Truly ridiculous!....


http://cgi.ebay.co.uk/Fish-n-Flush-Toil ... 240%3A1318


----------



## amy4342 (13 Apr 2009)

, I would feel really paranoid about going to the toilet  !


----------



## Ed Seeley (13 Apr 2009)

At least the fish are kept separate from the cistern tank!
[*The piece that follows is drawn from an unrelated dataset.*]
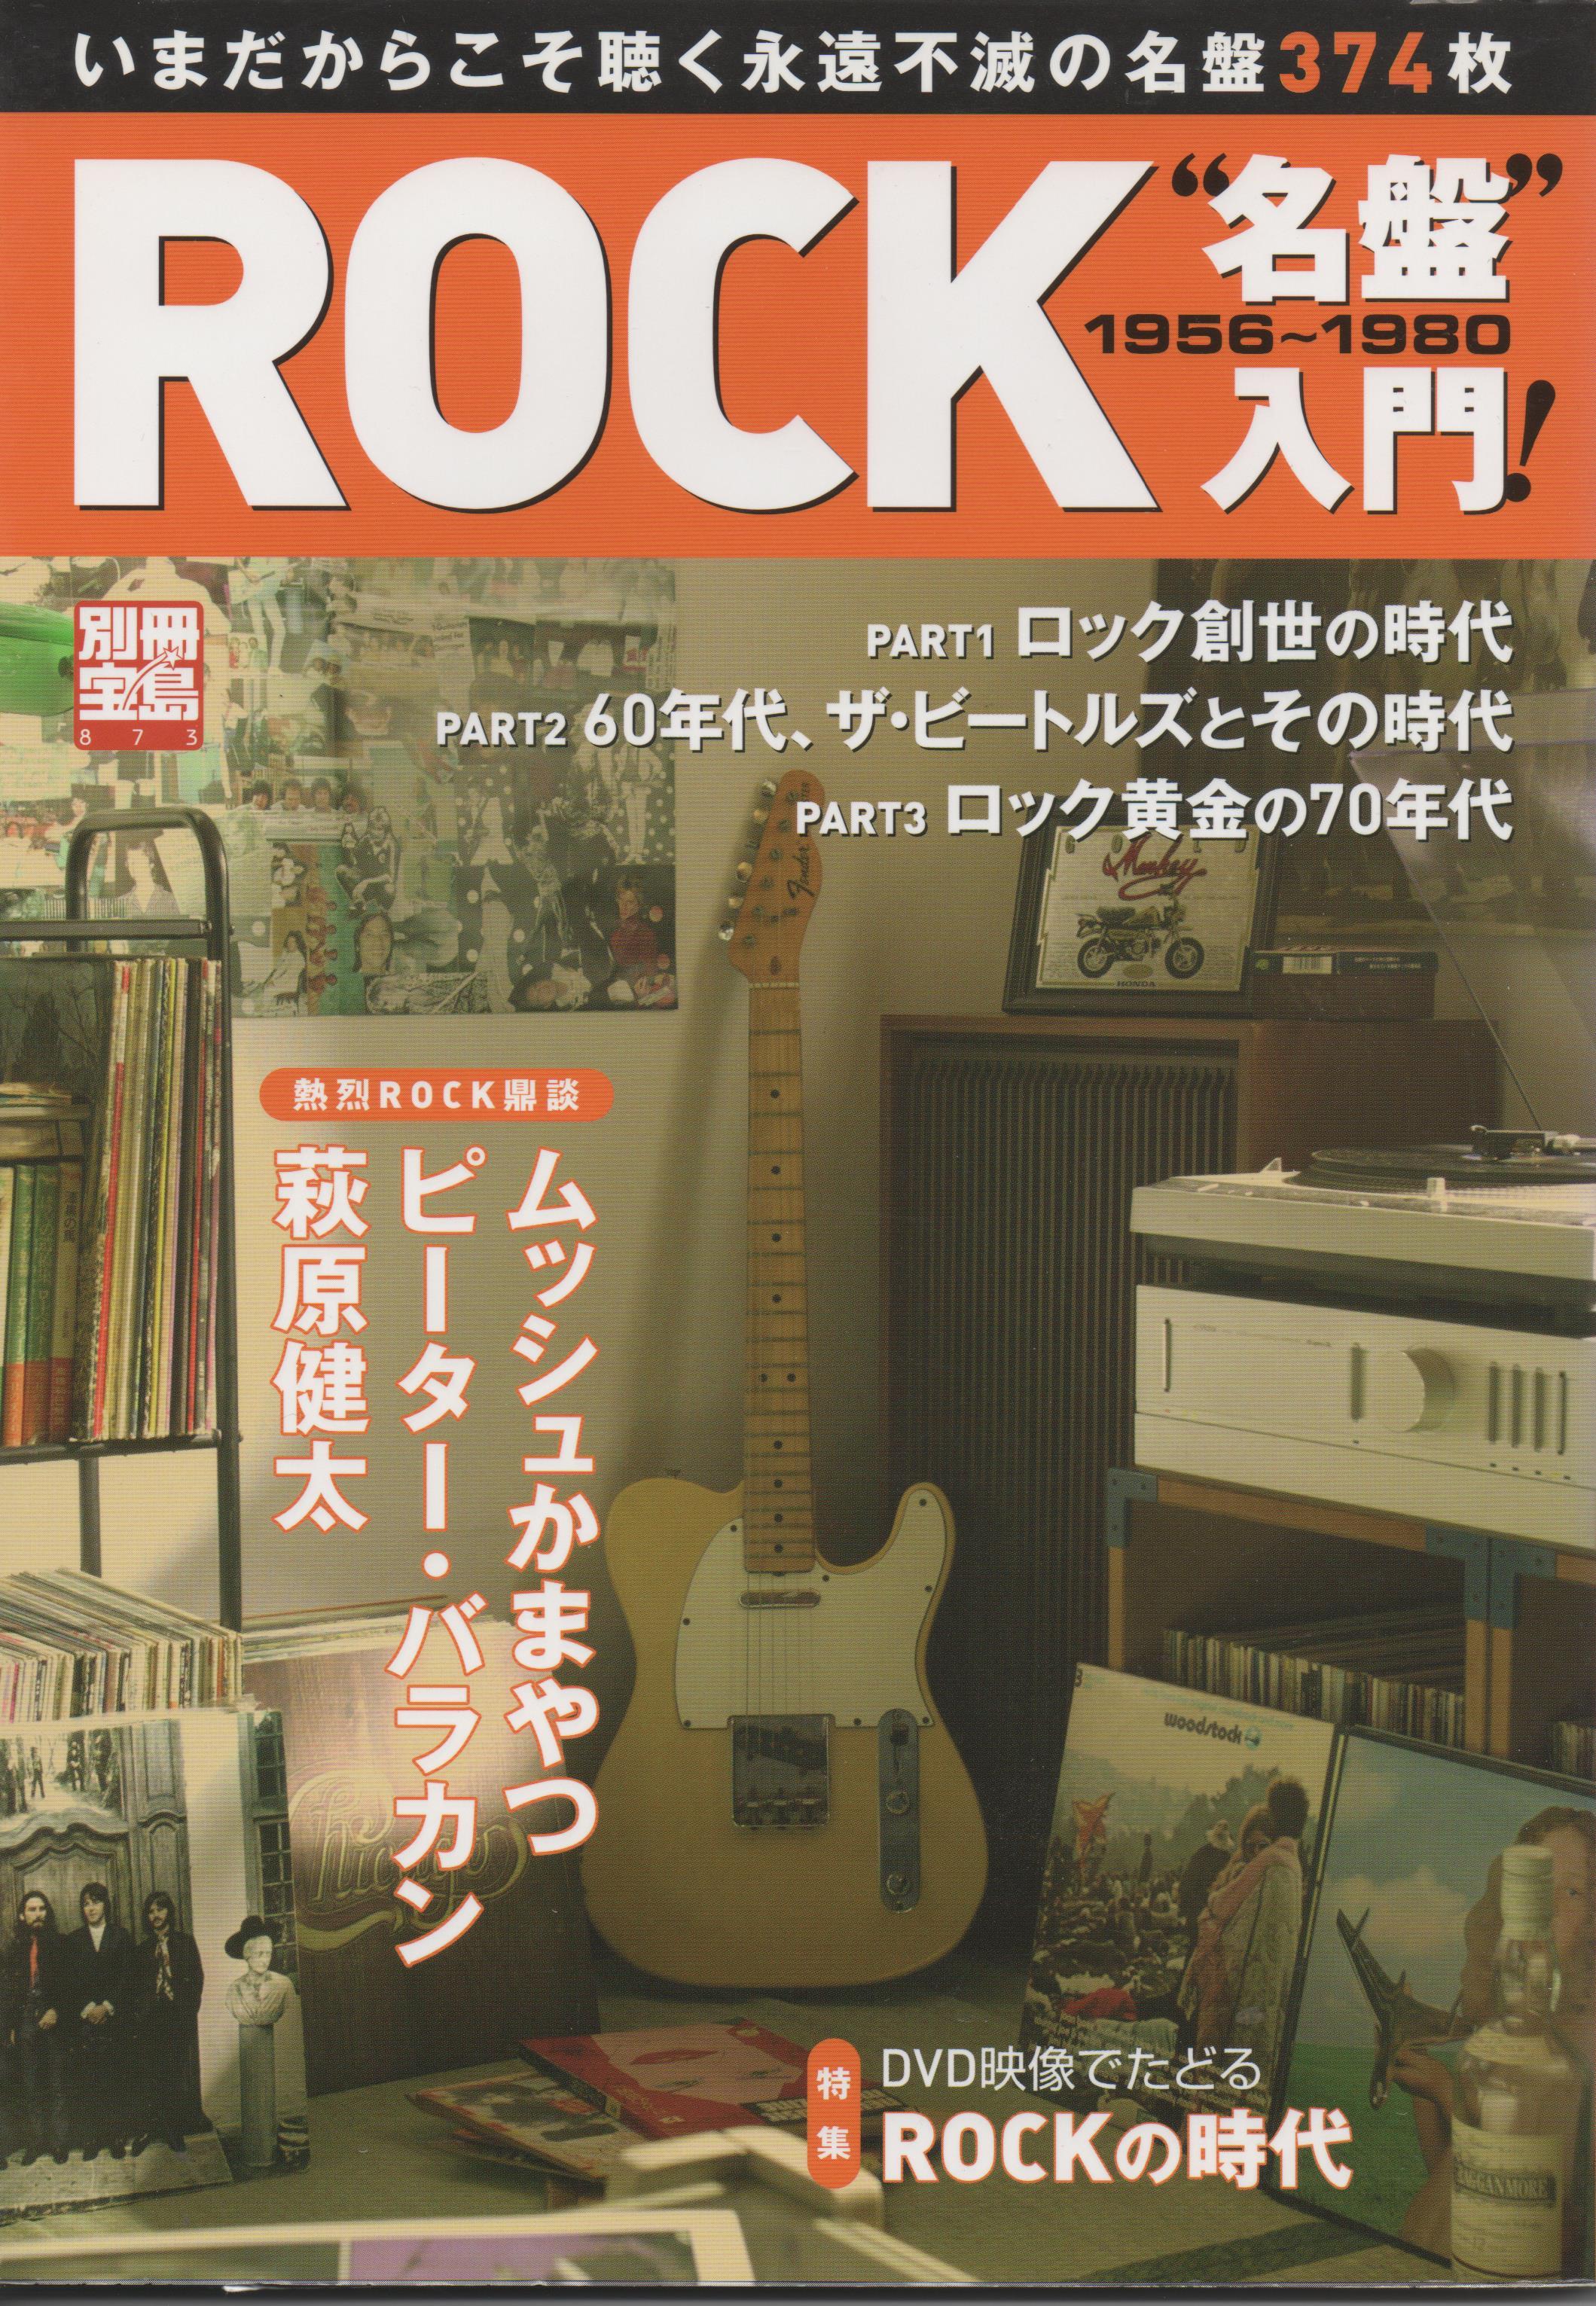 『ROCK'名盤'入門』

However that's a bit of a small aquarium in the end at 2.2gallons!!!!  Barely big enough for any fish!


----------



## Simon D (13 Apr 2009)

Could easily be set up for water changes and no waste


----------



## George Farmer (13 Apr 2009)

There's an upgraded version, available in opti-*hite.


----------



## a1Matt (13 Apr 2009)

George Farmer said:
			
		

> There's an upgraded version, available in opti-*hite.


----------



## aaronnorth (13 Apr 2009)

George Farmer said:
			
		

> There's an upgraded version, available in opti-*hite.



 one of the best jokes i have heard


----------



## Nick16 (13 Apr 2009)

thats pfunny. you get some good points for that mate! However we dont want to 'brown' the forum.


----------